# Is this normal driftwood fungus or BBA?



## kamikazi (Sep 3, 2010)

that looks like what I had on my stump....check out my thread "any thoughts as to what this is"

It freaked me out so I took out the stump and replaced it with a oak branch.


----------



## Master Se7eN (Aug 23, 2010)

Pull it out and soak it in bleach water mix. If you still have issues, I'll buy the wood. Send me a pm. looks like fungus from the wood, but the only way to find out is to soak it, wash it and put it back in the tank. like I said if you still have problems, send it to me and I will treat it. I'll either send it back when I'm done or keep it your choice. Just send me a PM...


----------



## rickztahone (Jul 20, 2009)

that's regular dw fungus. get some otto's


----------



## chiefroastbeef (Feb 14, 2011)

Thanks guys for the suggestions. I am away in Manila right now, so I will see how it does when I get back.
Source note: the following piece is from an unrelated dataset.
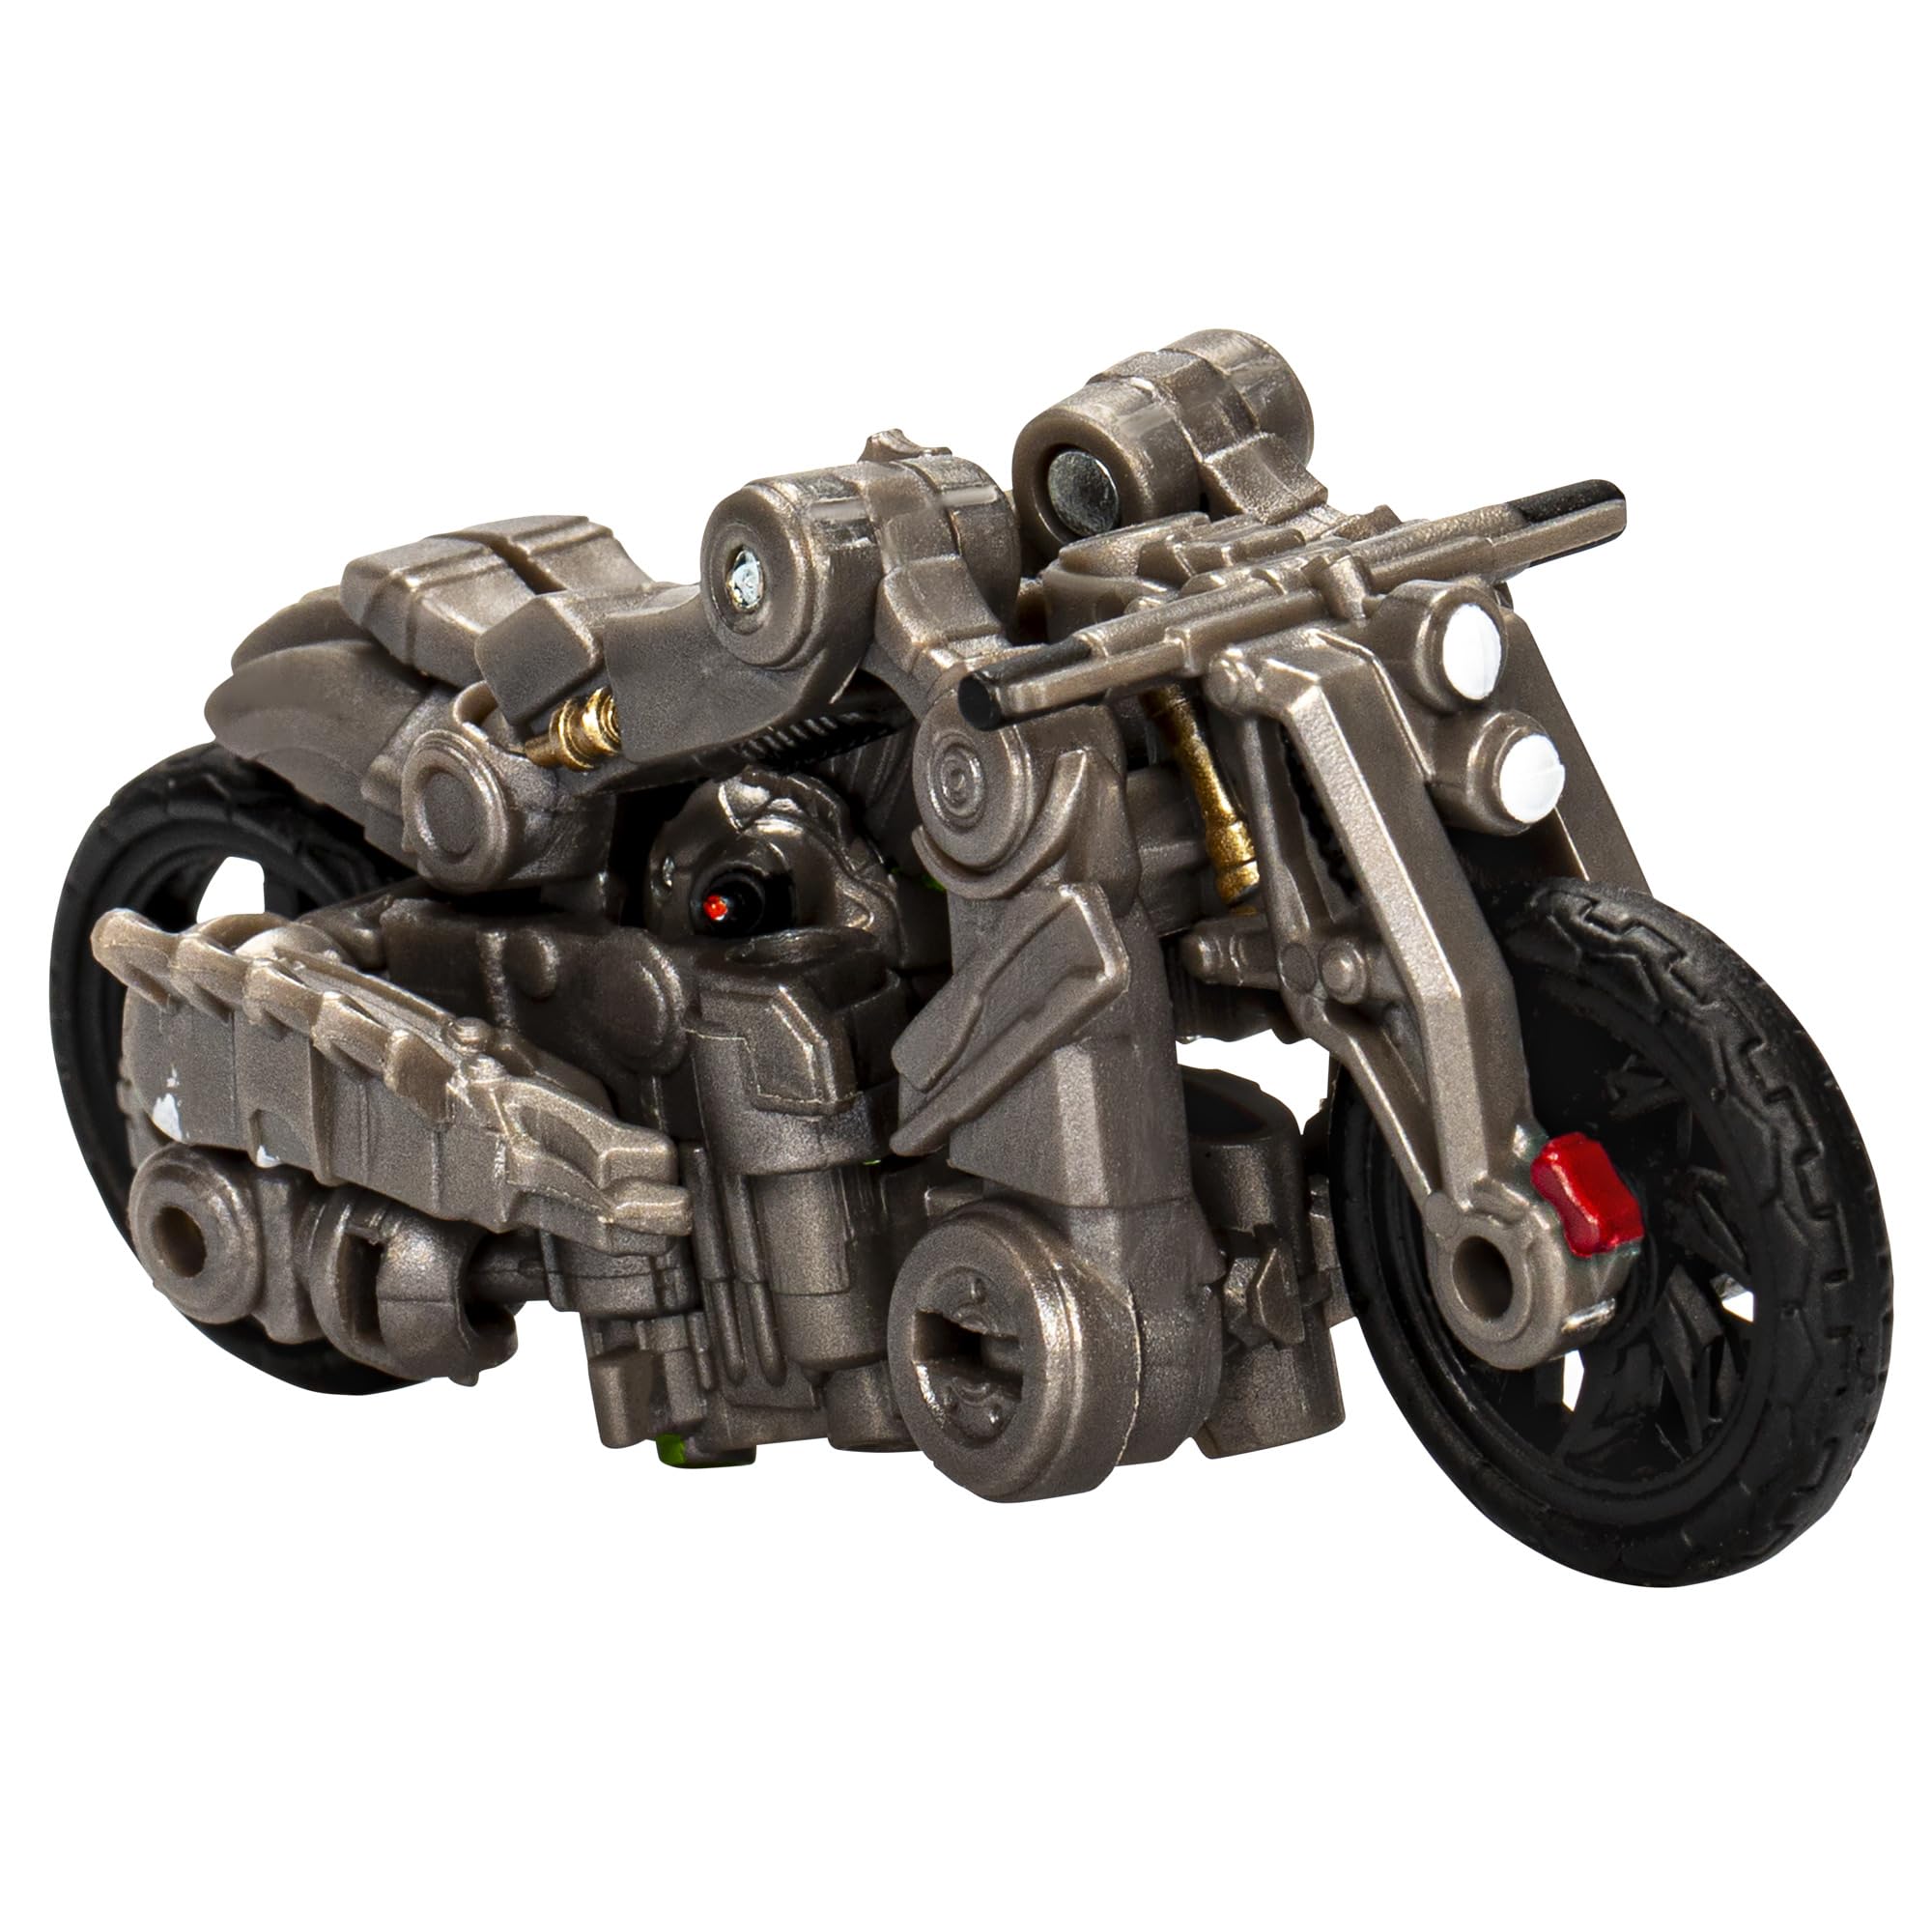 Transformers Toys Studio Series Core The Last Knight Decepticon Mohawk, 3.5-inch Converting Action Figure, 8+

I've had no luck with Otos, killed 7 already...


----------



## kamikazi (Sep 3, 2010)

yeh otos didn't touch the stuff I had.


----------



## Gatekeeper (Feb 20, 2007)

That is not BBA. Looks like either fungus or starting conditions thread algae. Manually remove as much as you can if its unsightly.


----------



## Vancat2 (Jun 23, 2010)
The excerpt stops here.